** Provided records follows **
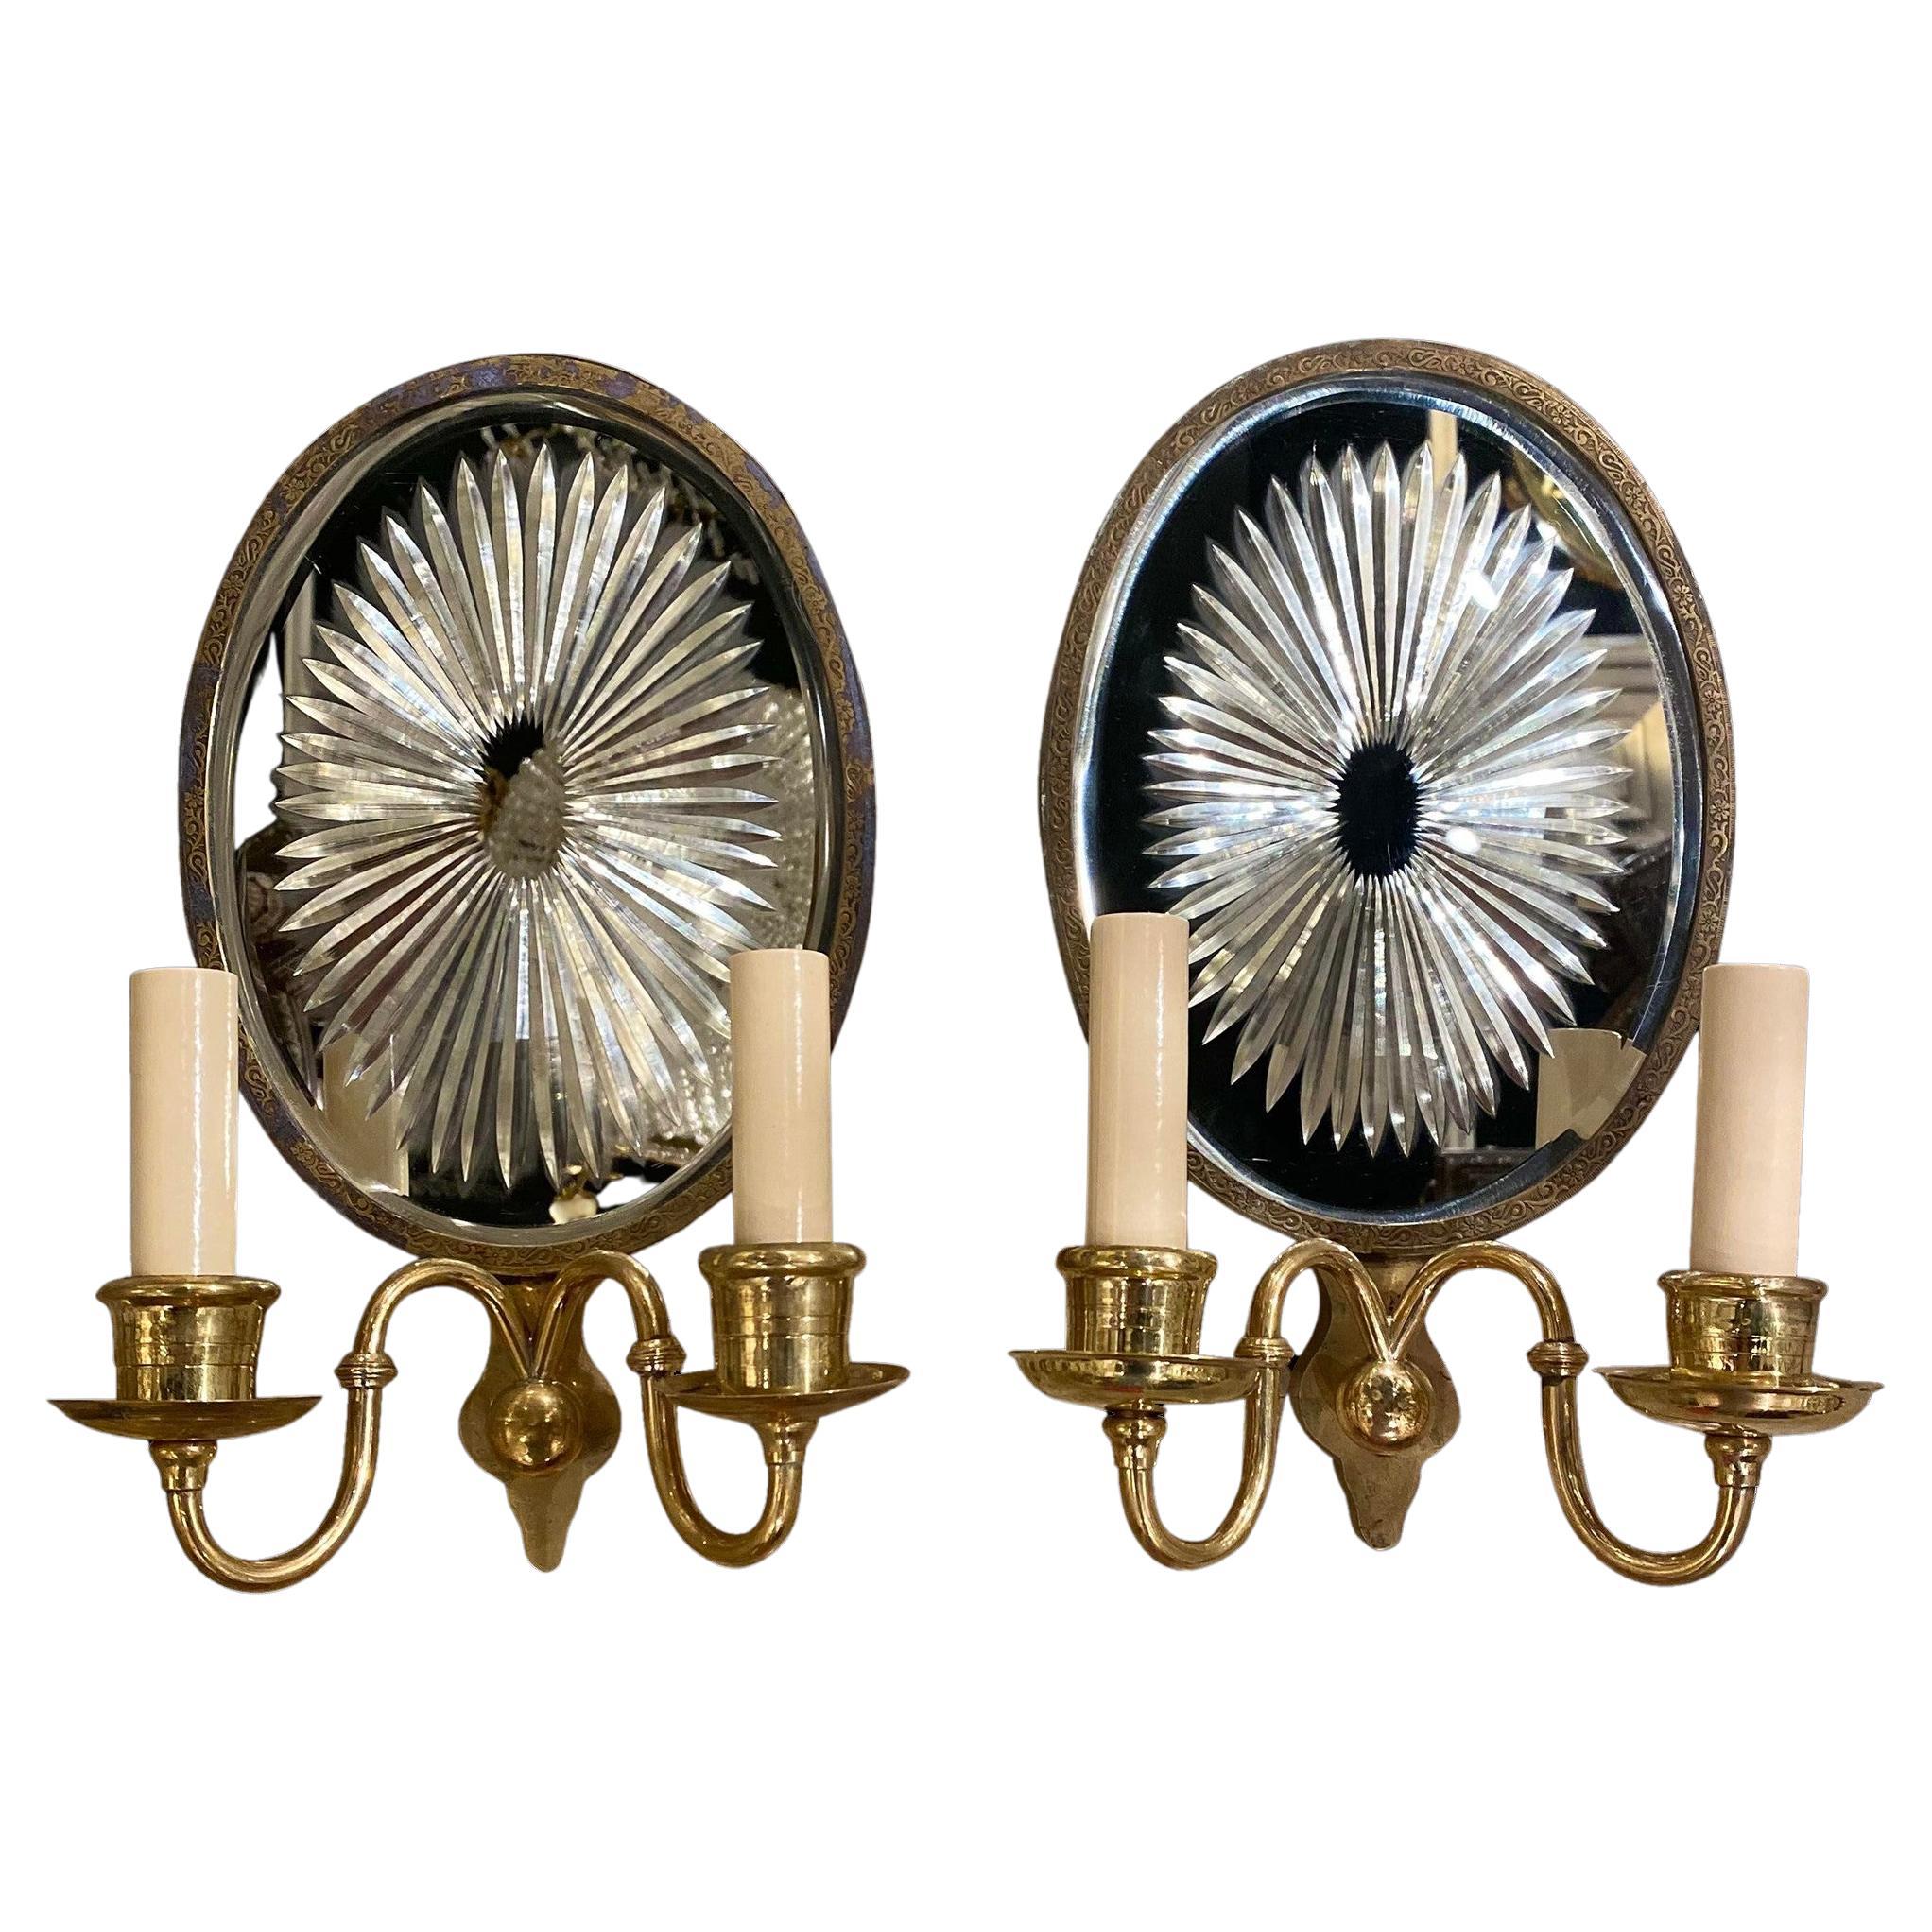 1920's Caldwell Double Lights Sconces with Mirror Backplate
** End of Provided records **
** Provided records follows **
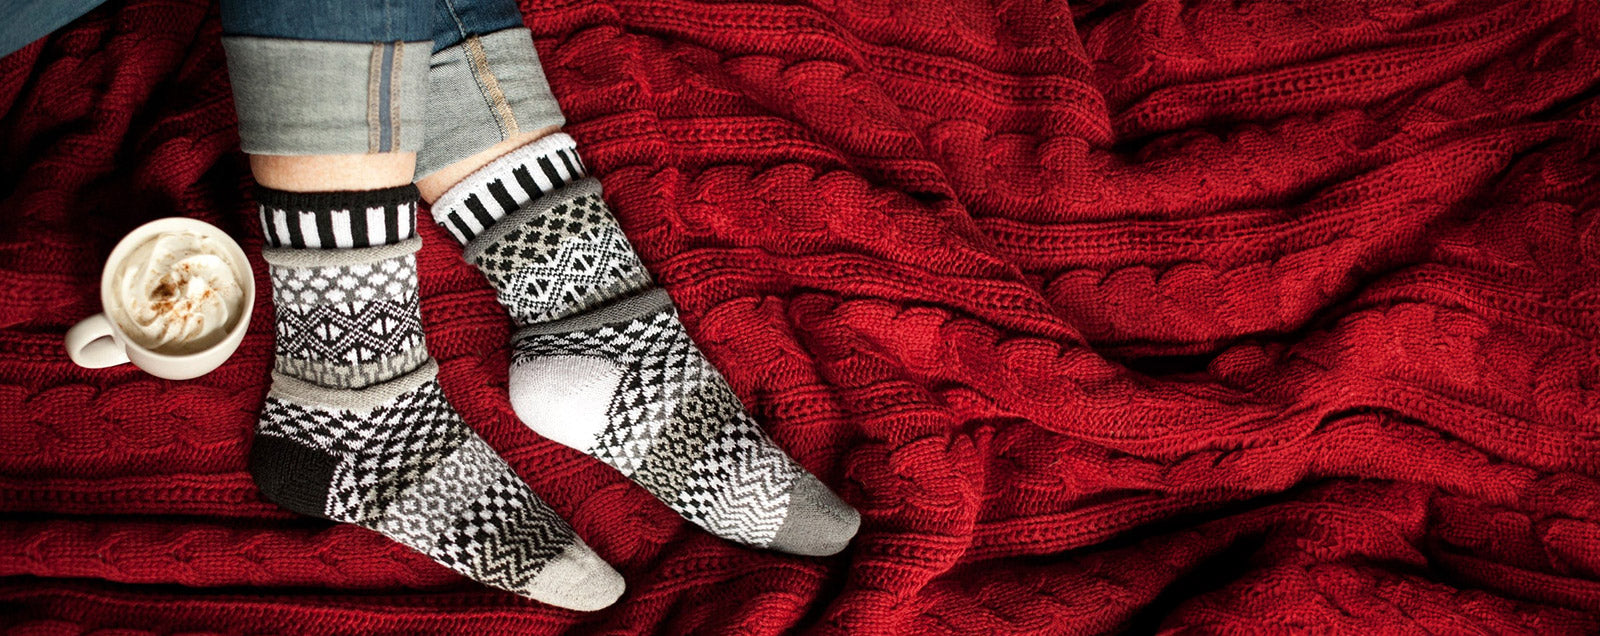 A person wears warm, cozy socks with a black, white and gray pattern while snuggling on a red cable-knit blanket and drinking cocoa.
** End of Provided records **
** Provided records follows **
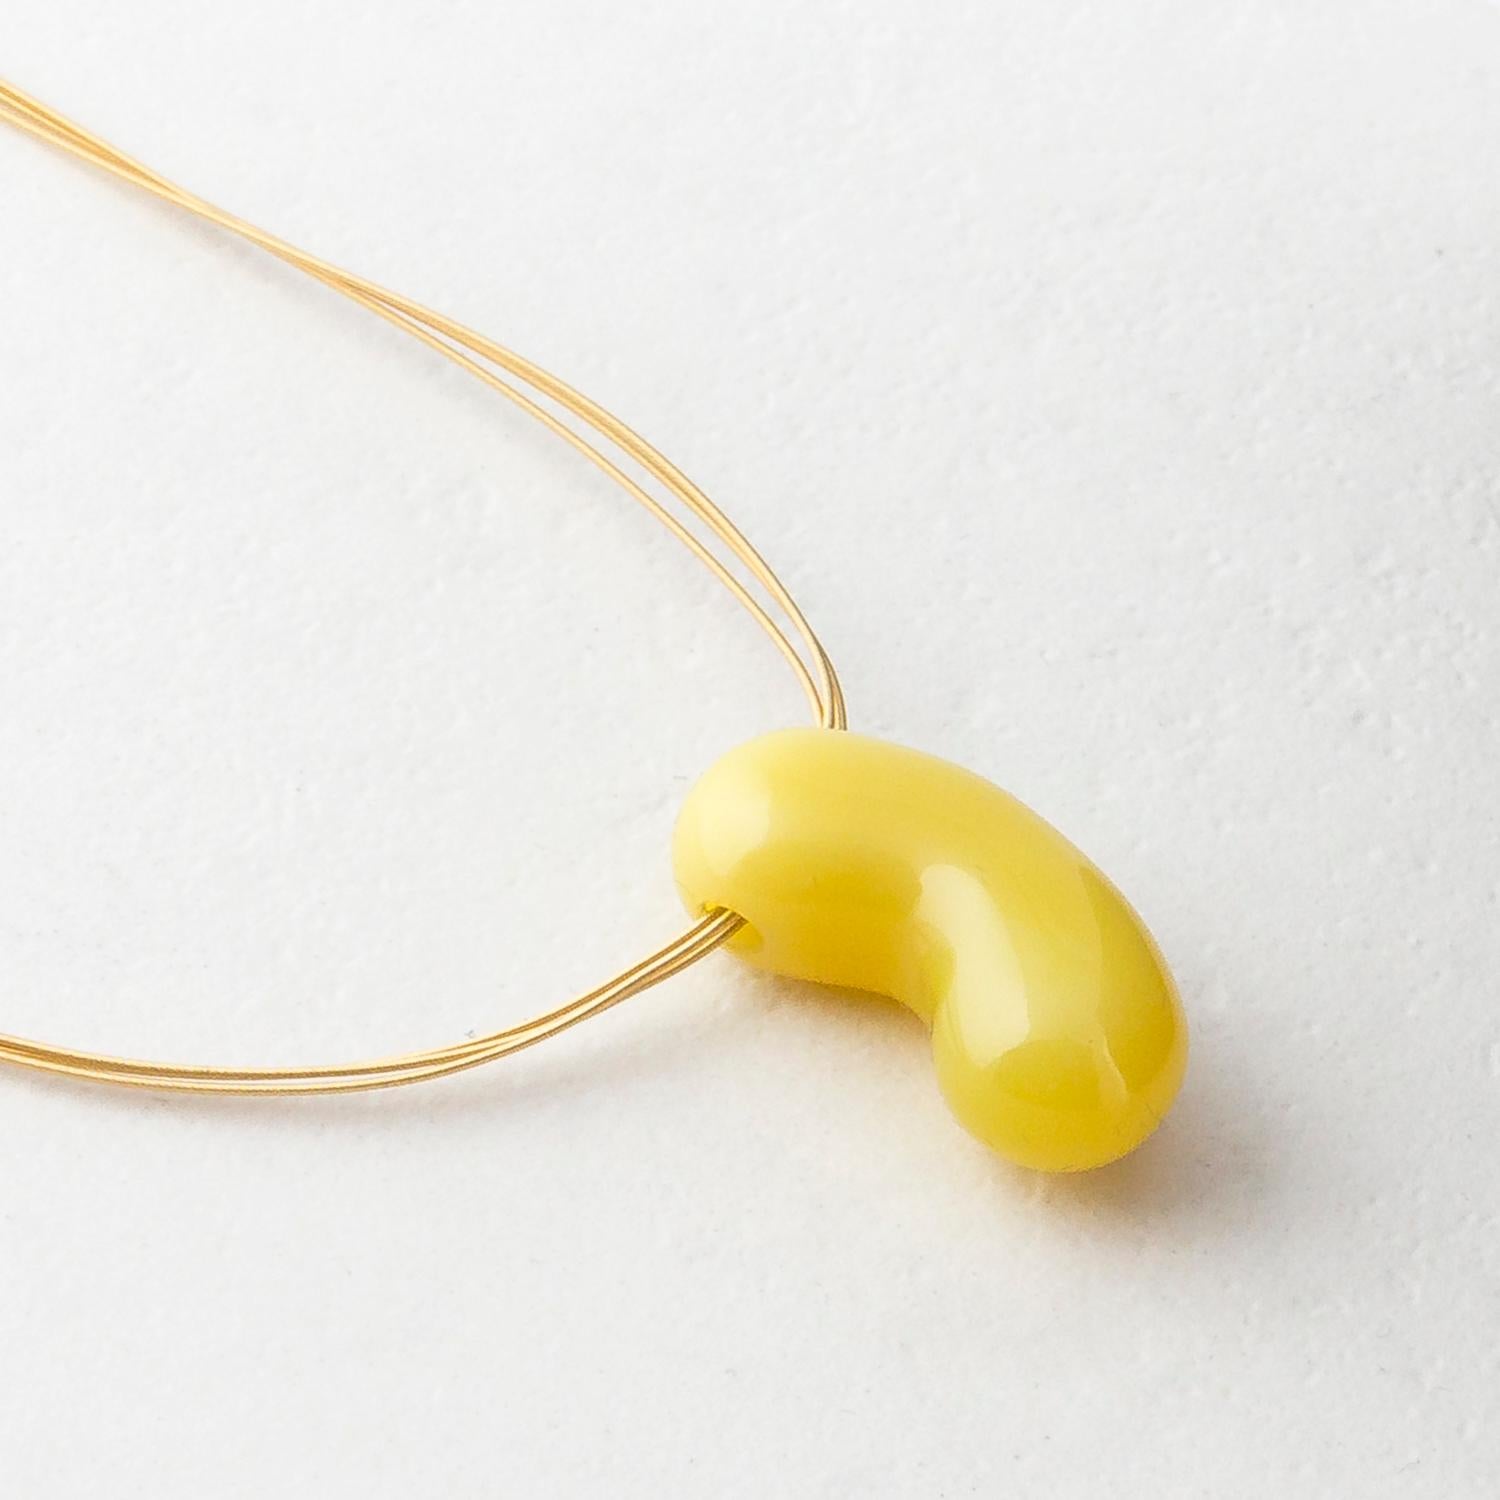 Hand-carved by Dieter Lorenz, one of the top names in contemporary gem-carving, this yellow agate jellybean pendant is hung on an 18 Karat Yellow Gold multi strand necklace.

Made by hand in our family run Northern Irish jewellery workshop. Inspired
** End of Provided records **
What you are asked to do
Would you set down only the lines above from the line with "Hand-carved by Dieter" to the line with "Made by hand", both included, exactly as they stand and without the pictures?

Problem solution
 Hand-carved by Dieter Lorenz, one of the top names in contemporary gem-carving, this yellow agate jellybean pendant is hung on an 18 Karat Yellow Gold multi strand necklace.

Made by hand in our family run Northern Irish jewellery workshop. Inspired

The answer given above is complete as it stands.